Pictures stay out of the answer, but every line of the material must be restated exactly.

++++ RAW DATA

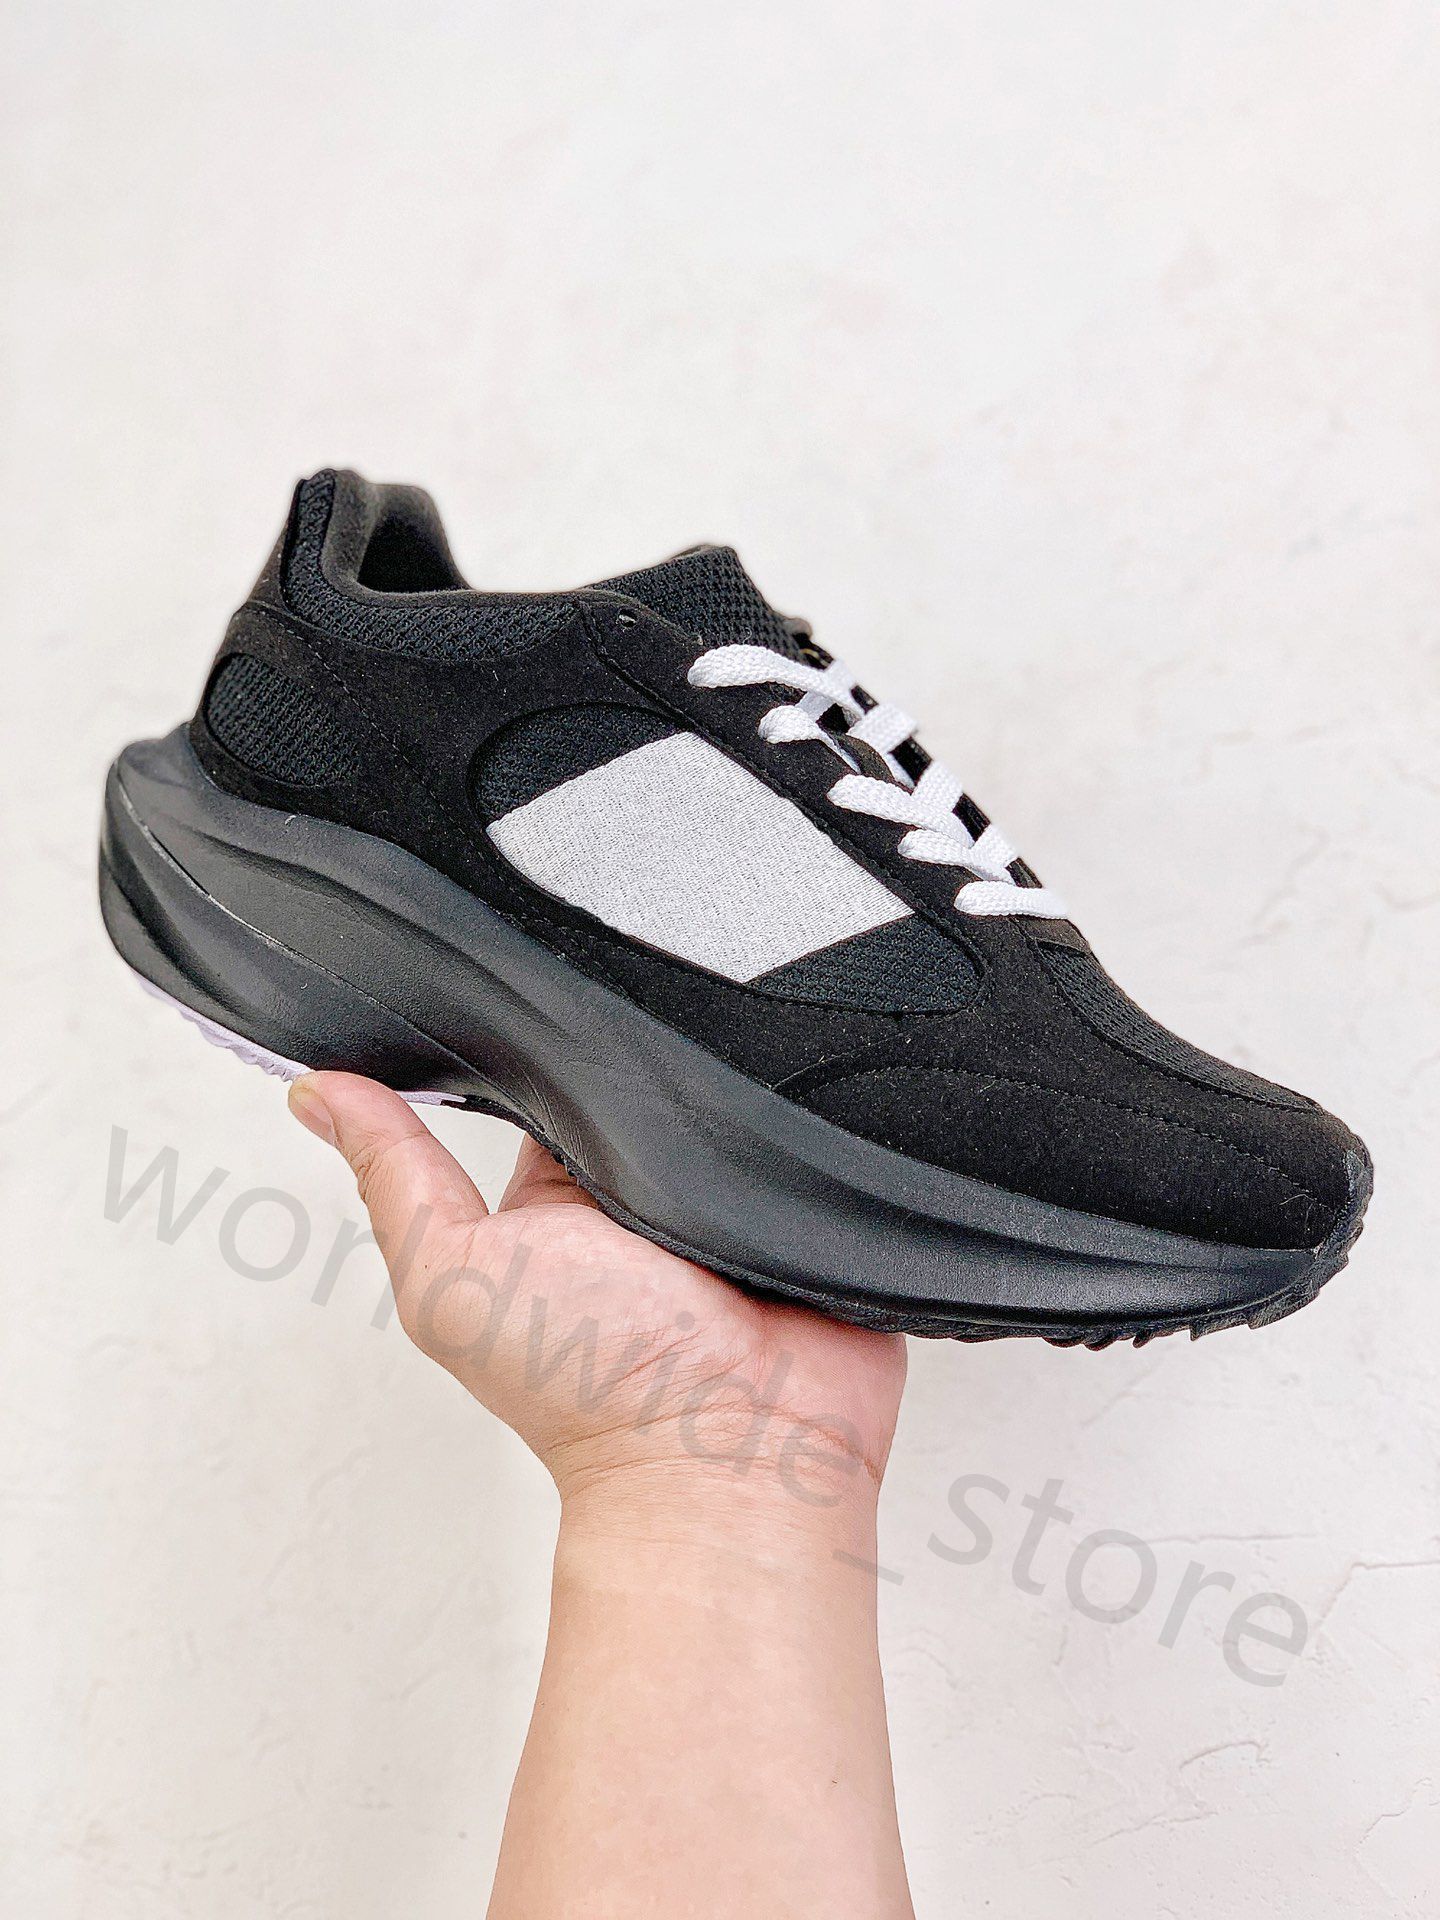 Tasarımcı Spor Ayakkabıları WRPD Koşucu Koşu Ayakkabı Yolu Yol Yaşam Tarzı Yürüyüş Ayakkabıları King Hat Popüler Spor Ayakkabıları Sporları Sporlar 36-46
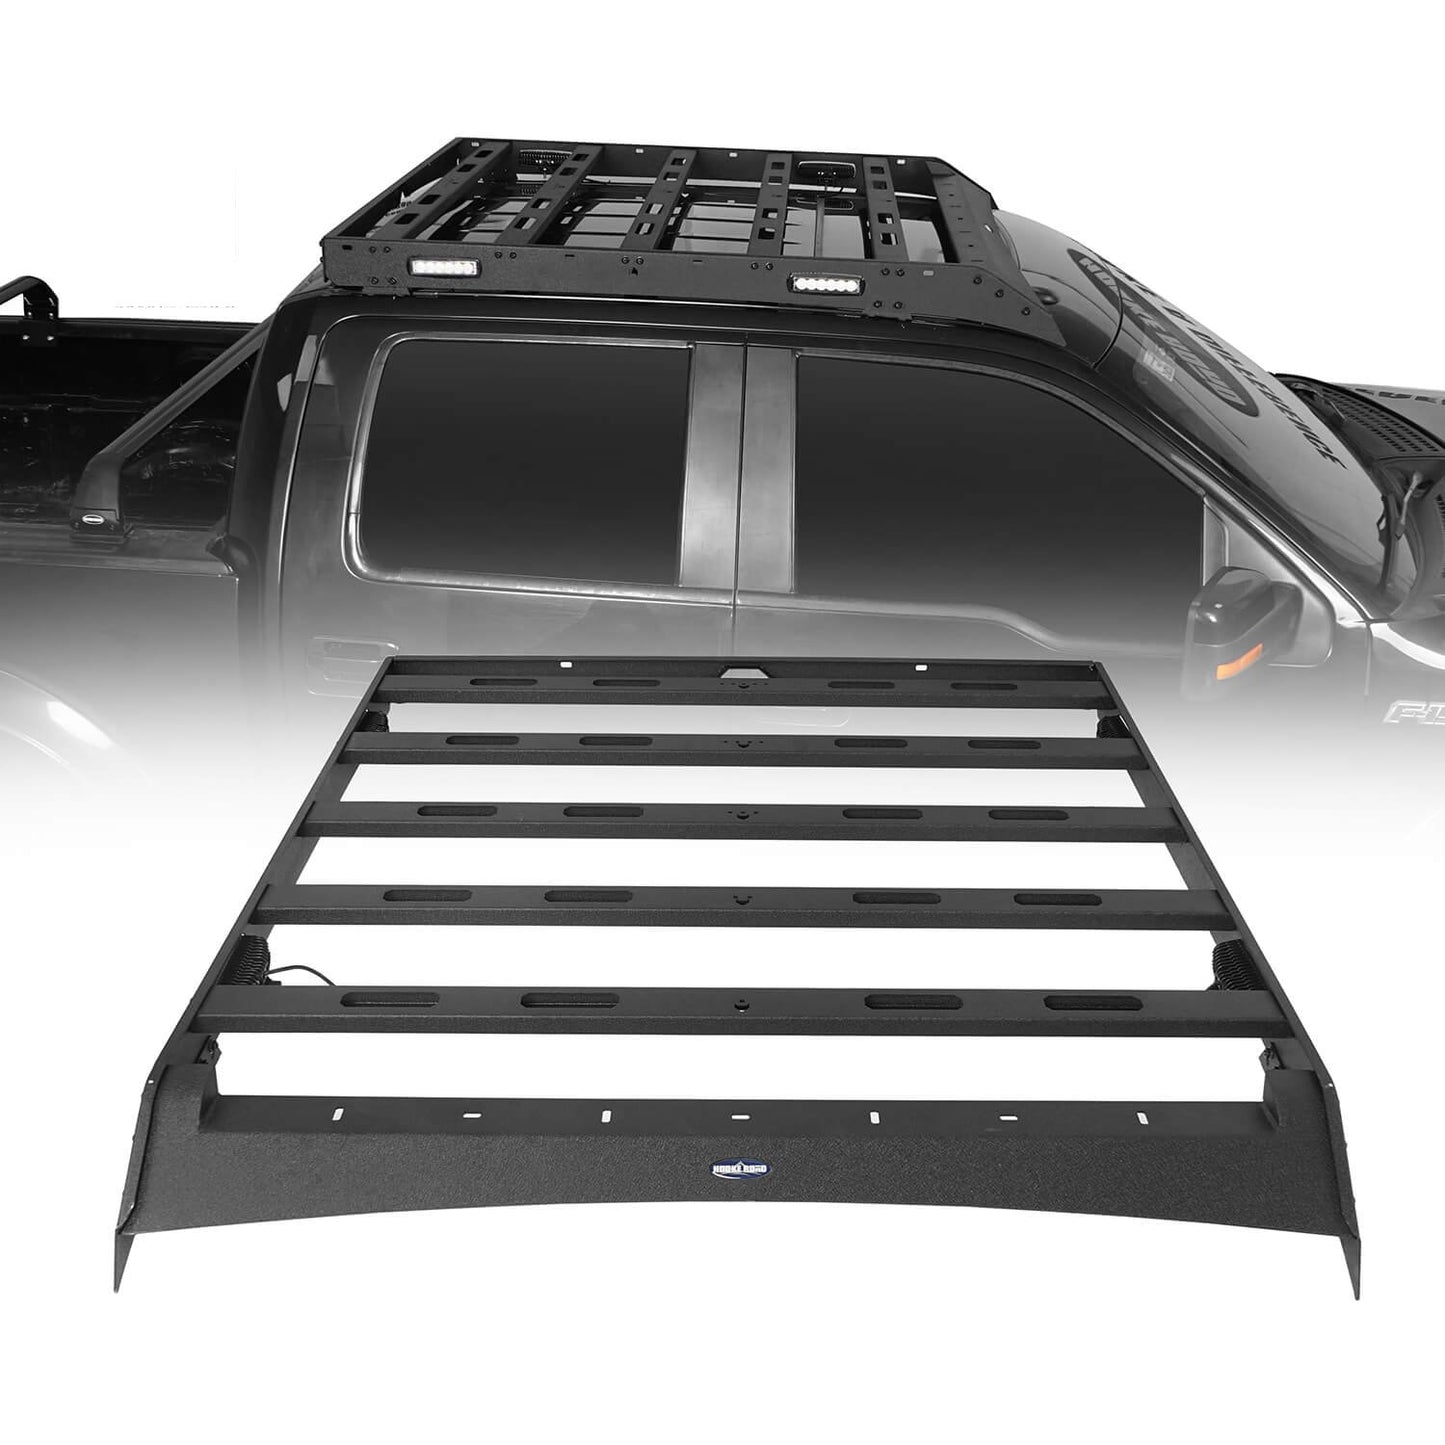 Front Bumper & Rear Bumper & Roof Rack(09-14 Ford F-150 SuperCrew,Excluding Raptor) - ultralisk4x4
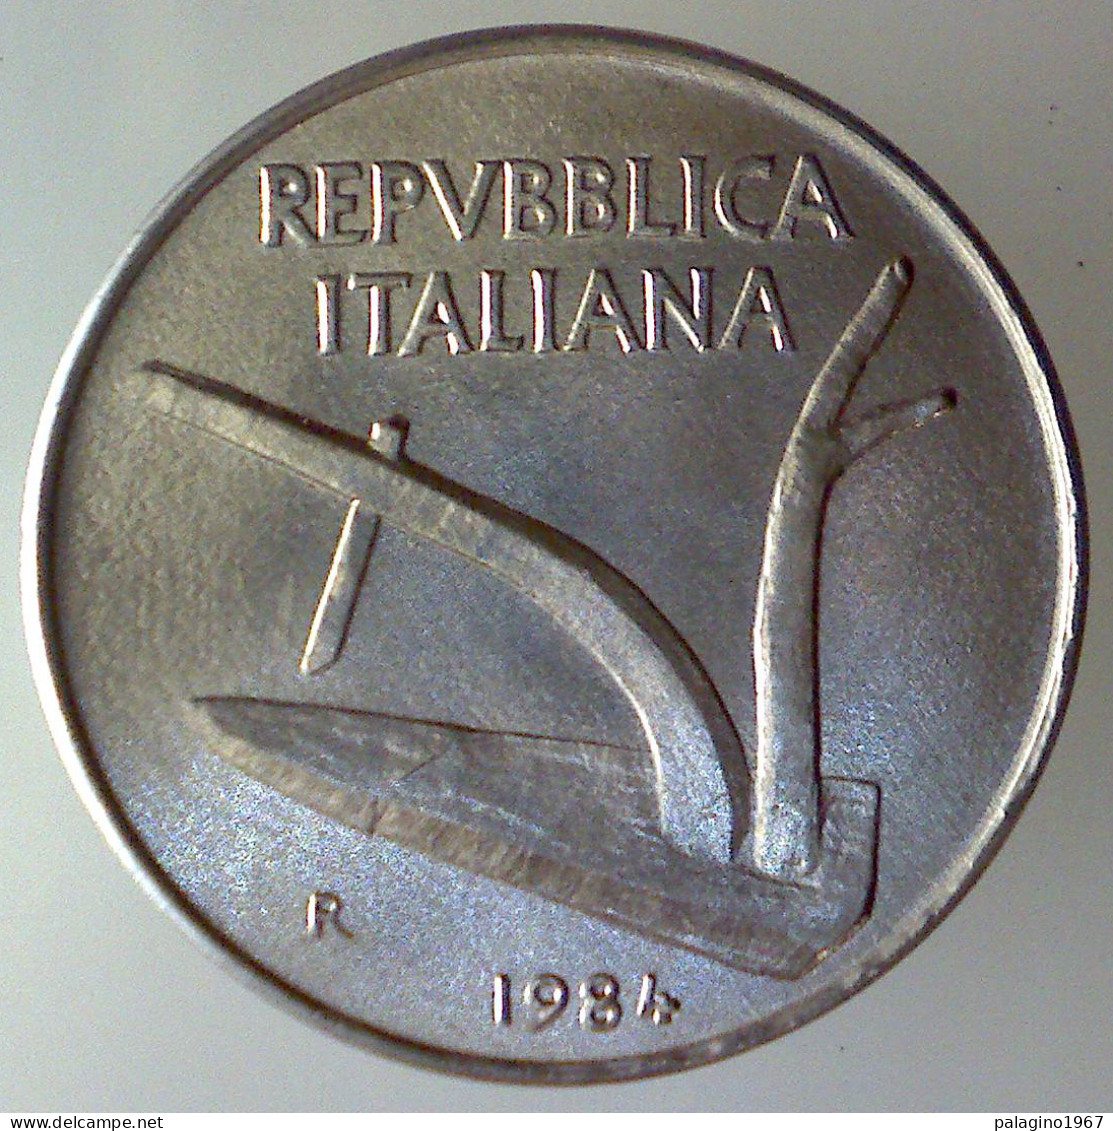 REPUBBLICA ITALIANA 10 Lire Spighe 1984 FDC  - 10 Liras

++++++++

### THE ANSWER:
 Tasarımcı Spor Ayakkabıları WRPD Koşucu Koşu Ayakkabı Yolu Yol Yaşam Tarzı Yürüyüş Ayakkabıları King Hat Popüler Spor Ayakkabıları Sporları Sporlar 36-46
 Front Bumper & Rear Bumper & Roof Rack(09-14 Ford F-150 SuperCrew,Excluding Raptor) - ultralisk4x4
 REPUBBLICA ITALIANA 10 Lire Spighe 1984 FDC  - 10 Liras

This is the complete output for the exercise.